W dniu 21 maja 2015 r. pomiędzy (...) a (...) została zawarta umowa sprzedaży i dostawy asfaltu. Umowa została zawarta na czas określony – do dnia 31 grudnia 2015 r. Zgodnie z pkt 3 umowy zabezpieczeniem przyznanego limitu kupieckiego była solidarna poręka K. O. (1), która bezterminowo poręczyła solidarnie za zobowiązania spółki (...) wobec spółki (...). W kolejnym punkcie umowy K. O. (1) działając w imieniu własnym oraz w imieniu i na rzecz spółki (...) zobowiązała się solidarnie do zapłaty na rzecz (...) należności za sprzedane i dostarczone asfalty w terminie do 30 listopada 2015 r. W punkcie 5 umowy działając w imieniu własnym oraz w imieniu i na rzecz spółki (...) oświadczyła, że co do obowiązku zapłaty należności wynikającego z odroczonego terminu zapłaty za sprzedane i dostarczone asfalty podda reprezentowaną przez siebie spółkę oraz siebie solidarnie egzekucji do kwoty 950.000 złotych na rzecz (...) w formie aktu notarialnego, stosownie do art. 777 § 1 pkt 5 k.p.c., przy czym (...) mogło wystąpić z wnioskiem o nadanie temu aktowi klauzuli wykonalności w terminie do 30 maja 2016 r. (umowa k. 19).

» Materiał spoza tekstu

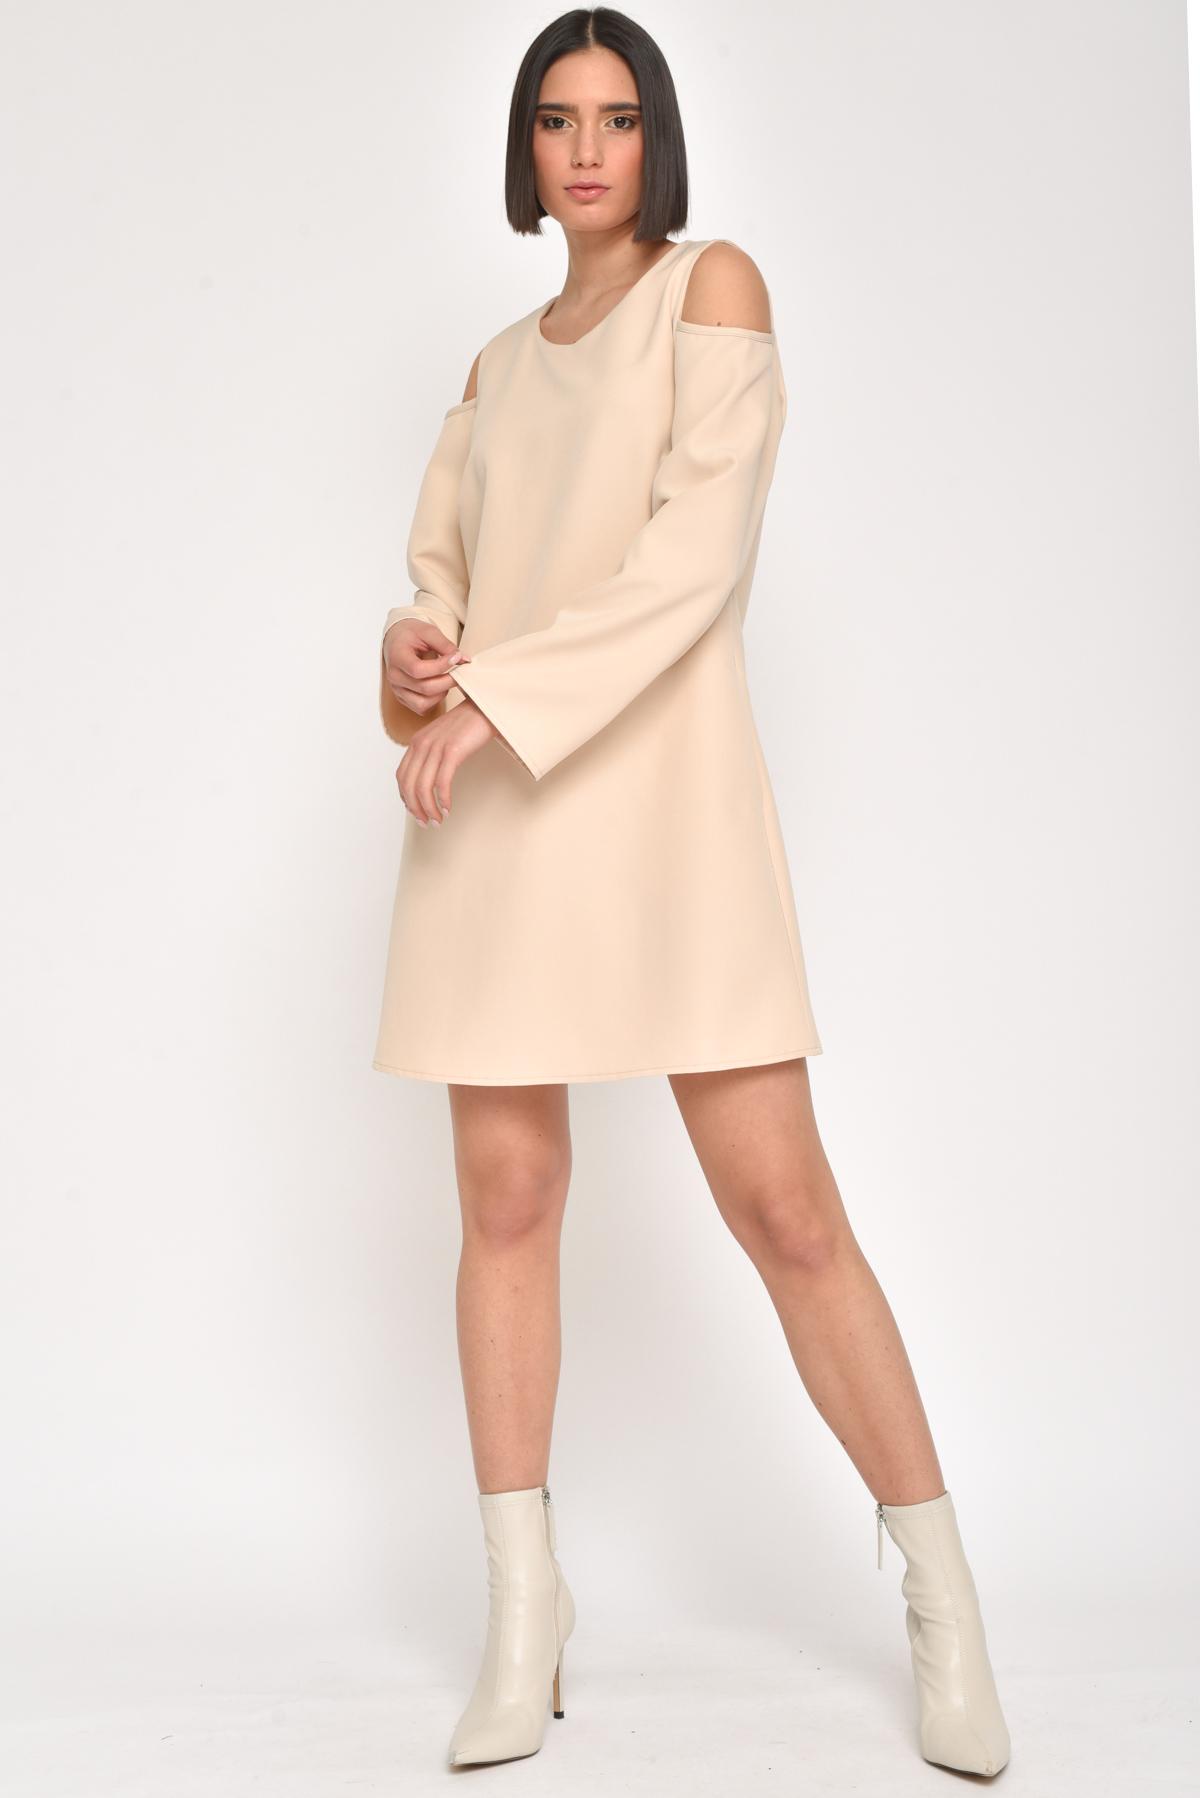 ABITO A TRAPEZIO CON SPALLE SCOPERTE for women - BEIGE - Paquito Pronto Moda Shop Online

W dniu 4 września 2015 r. przed Notariuszem – M. G., w Kancelarii (...) w R. – stawiła się K. O. (1), działająca w imieniu własnym oraz w imieniu i na rzecz spółki (...). Stawająca oświadczyła, że spółki (...) zawarły umowę w dniu 21 maja 2015 r., na mocy której (...) zobowiązała się sprzedawać i dostarczać asfalty dla (...) – ustalając terminy płatności za dostarczone towary na dzień 30 listopada 2015 r. oraz przyznając limit kupiecki w wysokości 950.000 złotych. Dodatkowo w § 1 pkt 2 aktu notarialnego stawająca oświadczyła, że zabezpieczeniem przyznanego limitu kupieckiego jest solidarna poręka jej to jest K. O. (1), która bezterminowo poręczyła solidarnie za zobowiązania spółki (...) wobec (...) wynikające z tytułu powyższej umowy. W § 2 aktu notarialnego K. O. (1) działając w imieniu własnym oraz w imieniu i na rzecz spółki (...) oświadczyła, że co do obowiązku zapłaty należności wynikającego z odroczonego terminu zapłaty za sprzedane i dostarczone asfalty z tytułu zawartej umowy z 21 maja 2015 r. poddaje reprezentowaną przez siebie spółkę (...) oraz siebie solidarnie egzekucji, do kwoty 950.000 złotych na rzecz spółki (...), na podstawie tego aktu, stosownie do art. 777 § 1 pkt 5 k.p.c., przy czym (...) może wystąpić z wnioskiem o nadanie temu aktowi klauzuli wykonalności w terminie do 30 maja 2016 r. Zdarzeniem, od którego zależy wykonanie obowiązku zapłaty sumy pieniężnej, jest nadanie przez spółkę (...), w urzędzie pocztowym – listu poleconego na adres spółki (...) zawierającego wezwanie do zapłaty zadłużenia (akt notarialny k. 17-18).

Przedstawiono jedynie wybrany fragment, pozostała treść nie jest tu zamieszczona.